In the past, students have designed a cargo carrying tool for Segway, a low-cost incubator for the nonprofit Design That Matters, products for Nokia and even a special cocktail party tool that combines a cup holder and a plate.
“Their mission was to solve the problem of being at a cocktail party and having a drink in one hand and a plate in the other, so they couldn’t shake hands with anyone,” said Kressy.
The designs are interesting, but the program’s most basic function is to familiarize students with their counterparts, said Fixson.
“Business students tend to focus on the bottom line,” he said. “That may not be an issue that the design students think of in the first place.”
It seems Kressy, who runs a design firm that also handles outsourcing and materials production, is the perfect candidate to teach such a class. He’s a 1988 industrial design graduate from RISD and brings to the class his own experiences as a designer – he founded Designturn Inc., based in Wellesley, Mass. – working with Asian manufacturers. But he still learns from the students.

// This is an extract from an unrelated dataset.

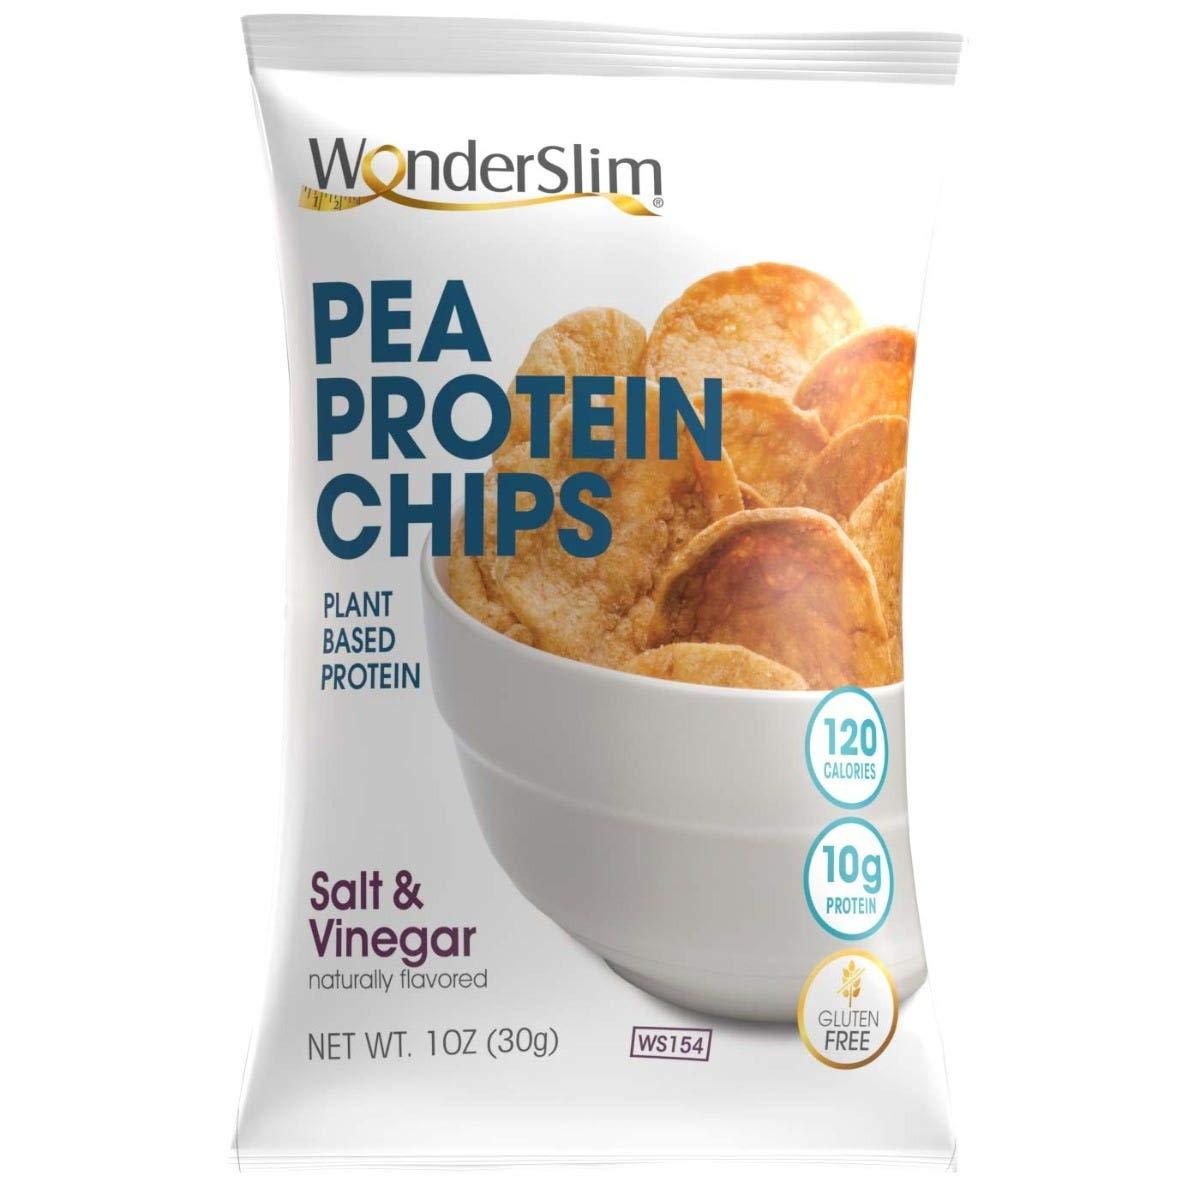 WonderSlim Pea Protein Snack Chips (12g Protein) - Salt & Vinegar - Low-Carb Diet Healthy Protein Snack - Gluten-Free, Vegan (10 Bags)

“One of the great things about Sloan – about teaching at Sloan – is I’ve become a student of Sloan for the last eight years,” said Kressy.
Fixson, too, has overlapping experience – although he’s a business professor, his background is in engineering.
“I started out as an electrical engineer and ever since, through my training, I have moved toward business and the integration of engineering, design and business,” said Fixson.
Customer need – touted as one of the four staples of the class experience – is taught directly from Kressy’s experiences with need-based design. He presents a pictorial story about one of his market-research trips, participating in a military live-fire training drill at Fort Polk, La.
From that trip, he designed a valve that allows soldiers to mix varying concentrations of juice into their Camelbak backpacks.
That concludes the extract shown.